In the prior art 1, since the control circuit is controlled by detecting the output inversion of the phase comparator, a delay occurs in the loop itself, the convergence rate is not improved, and the stability at the time of frequency lock is improved. Does not reach. Further, when the phase difference between the VCO and the reference signal is lower than the detection level of the phase comparator at the time of frequency lock, no output signal is output, and a dead zone exists.

In the prior art 2, since the amount of charge / discharge current of the charge pump is increased / decreased by the switching circuit, the phase noise characteristic is deteriorated due to chattering generated at the time of switching. Further, since the method of controlling the pulse width is used, the pulse width cannot be reduced to the minimum unit or less, and the stability at the time of frequency lock cannot be improved.

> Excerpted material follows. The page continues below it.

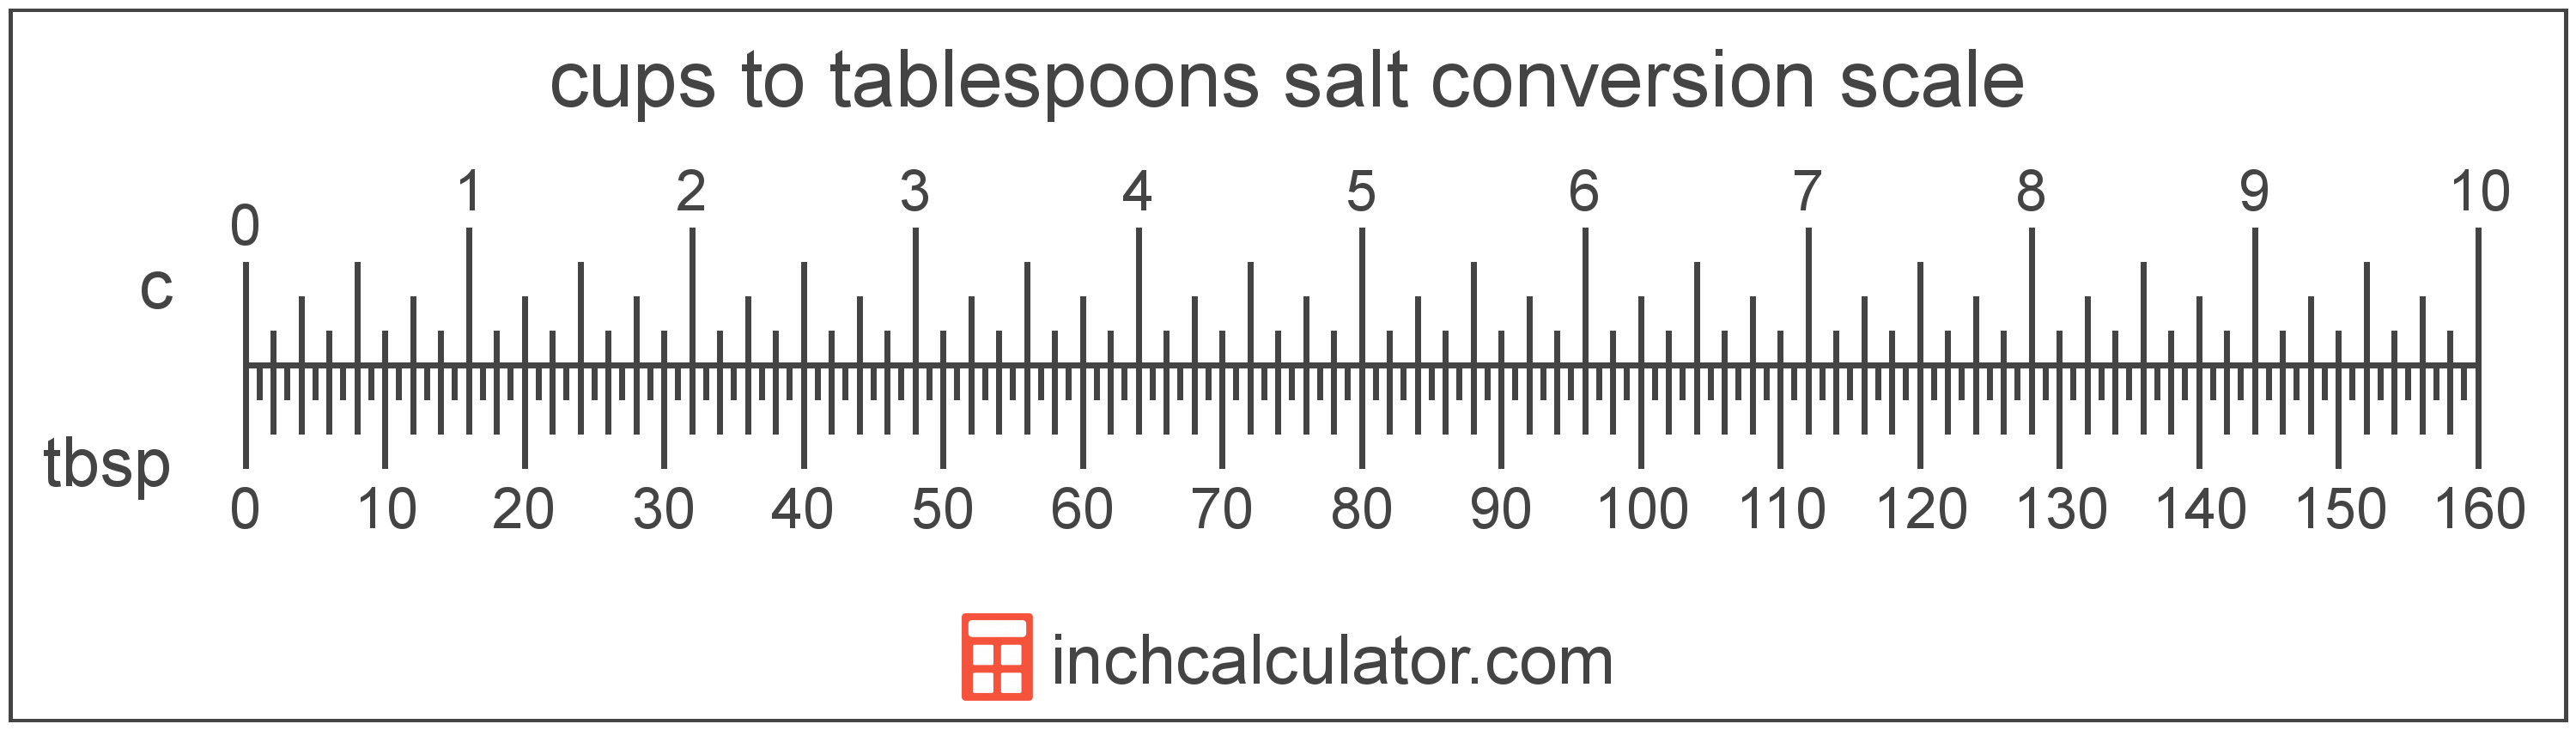 conversion scale showing cups and equivalent tablespoons salt volume values

In the prior art 3, since the amount of charge / discharge current of the charge pump is increased / decreased by the switching circuit, chattering generated at the time of switching is a factor and phase noise is degraded. Further, since noise is removed from the output signal of the phase comparator by inserting a smoothing circuit at the subsequent stage of the phase comparator, it is not possible to improve the dead band jitter when the frequency is locked.

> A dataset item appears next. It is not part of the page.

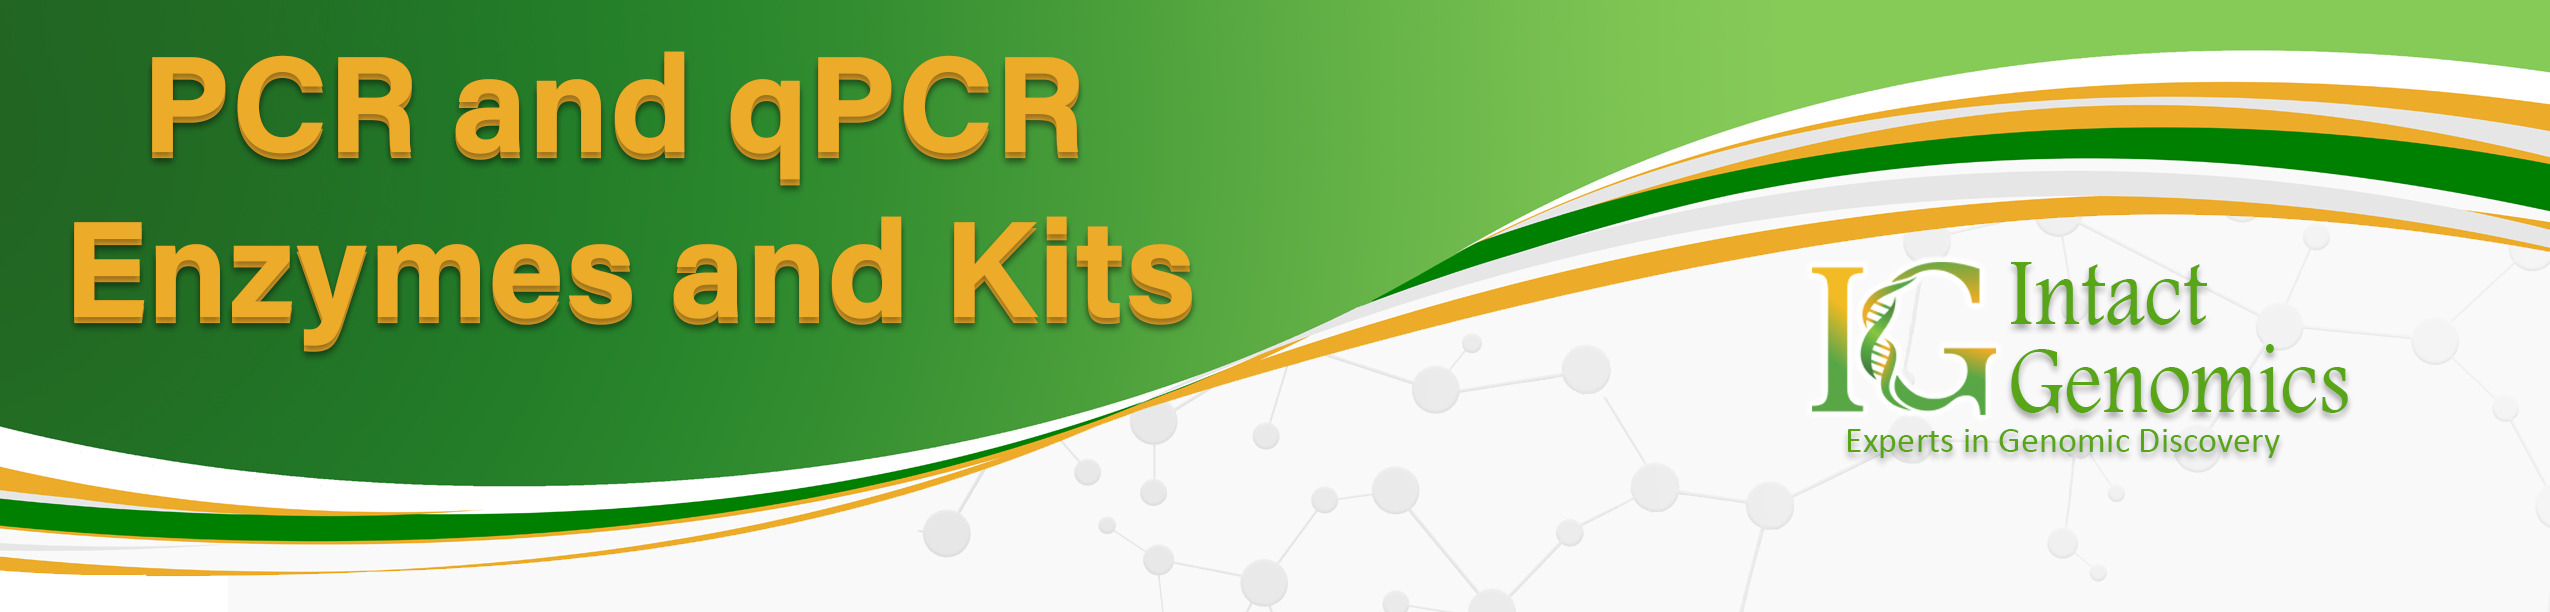 PCR and qPCR Enzymes and Kits

The prior arts 4 and 6 aim at speeding up lock-up at the time of frequency pull-in, and do not cope with phase noise improvement at the time of frequency lock.

In the prior art 5, since the pulse width difference generator and the pulse width detector are used, the circuit scale is large and the configuration is complicated. In addition, since the input value and the optimum value are compared in the pulse width detector, it is necessary to calculate and set a pattern for tracing the optimum value in advance. The burden on the above is large.

[0022]

SUMMARY OF THE INVENTION The present invention has been made in view of the above circumstances, and uses a dead zone existing in an output signal of a phase comparator to perform high-speed frequency switching in an asynchronous state. It is another object of the present invention to provide a phase synchronization device capable of reducing a spurious amount in a synchronized state. It is another object of the present invention to provide a phase locked loop device in which a dead zone does not substantially occur when the phase difference between the reference signal and the comparison signal is near zero and phase noise characteristics are improved.

[0023]

A phase synchronizer according to the present invention includes a phase comparator for generating a phase difference signal based on a feedback signal and a reference signal, and a phase comparator for generating a phase advanced signal by advancing the phase of the phase difference signal. A phase adder, a phase adder that delays the phase of the phase difference signal to generate a phase delay signal, a combiner that combines the phase advanced signal and the phase delay signal to generate a correction phase difference signal, and a correction An oscillator that is frequency-controlled based on the phase difference signal and generates a feedback signal.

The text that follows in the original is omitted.